RIO DE JANEIRO, BRAZIL – Despite the continuing low inflation rate, the recent strong devaluation of the Brazilian currency and decreasing economic activity, Brazil’s Monetary Policy Committee (COPOM) surprised the market and announced on Wednesday it was maintaining the country’s benchmark interest rate (SELIC) at 6.5 percent per year.
“Taking into account the baseline scenario, the balance of risks, and the wide array of available information, the COPOM unanimously decided to maintain the SELIC rate at 6.50 percent per year,” read the statement issued by the Central Bank immediately following the decision.
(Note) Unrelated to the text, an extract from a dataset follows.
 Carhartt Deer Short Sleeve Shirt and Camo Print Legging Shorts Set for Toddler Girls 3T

Continuing, “The Committee judges that this decision reflects the recent change in the balance of risks to prospective inflation and is consistent with convergence of inflation to target over the relevant horizon for the conduct of monetary policy, which includes 2018 and, to a greater extent, 2019.”
According to the Central Bank the steep appreciation of the U.S. dollar seen in the past few days occurred not only here, in relation to the Brazilian real, but around the world, decreasing investor interest for emerging economies like Brazil.
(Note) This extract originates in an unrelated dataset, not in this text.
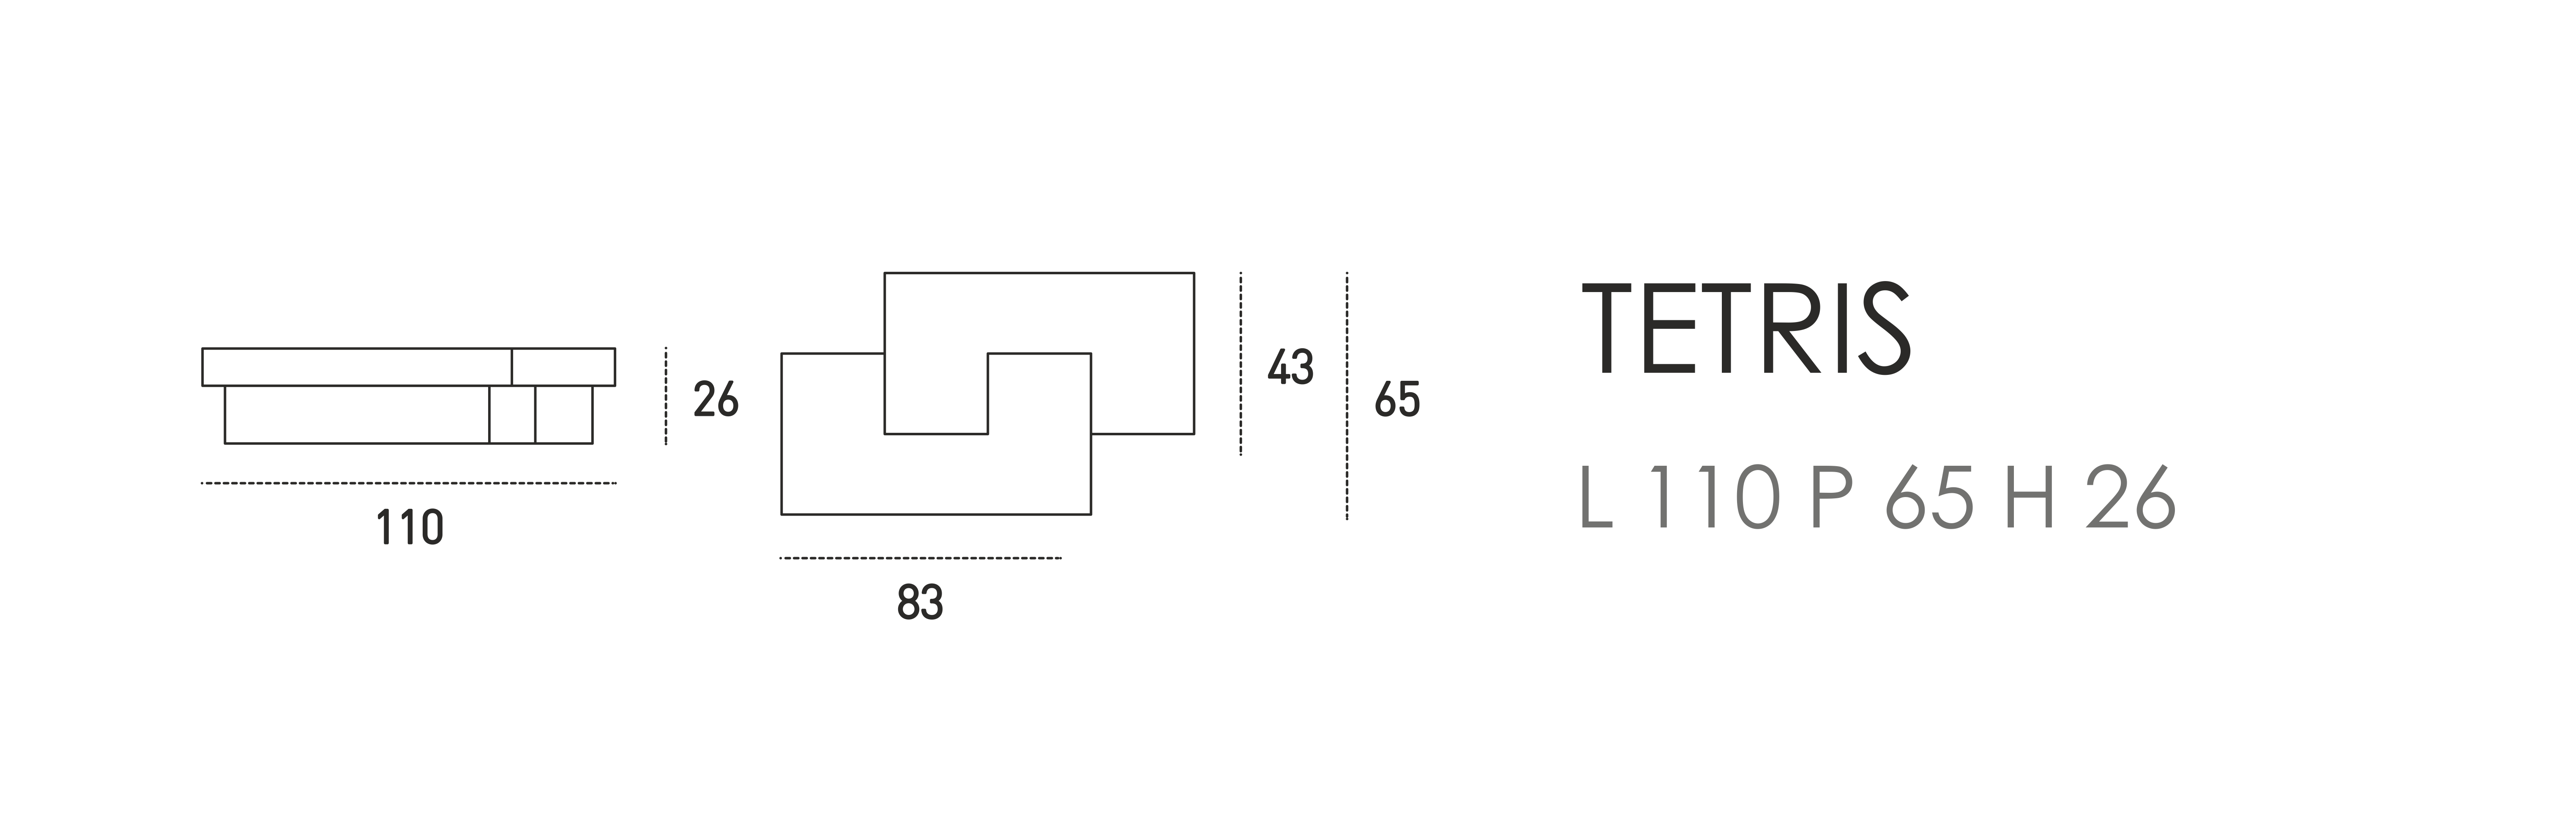 Tetris L 110 P 65 H 26

“The external scenario became more challenging and volatile. The evolution of risks, largely associated with the normalization of interest rates in some advanced economies, has led to adjustments in the international financial markets. As a result, there was a reduction in risk appetite in relation to emerging economies,” stated the document.
For economic consultancy group Focus-Economics the scenario is likely to remain volatile until October’s Presidential election.
“Although some progress has been made in improving government accounts, tougher reforms are needed to put public finances on a sustainable path, and a market-friendly outcome in October’s elections is key to supporting the economic outlook.”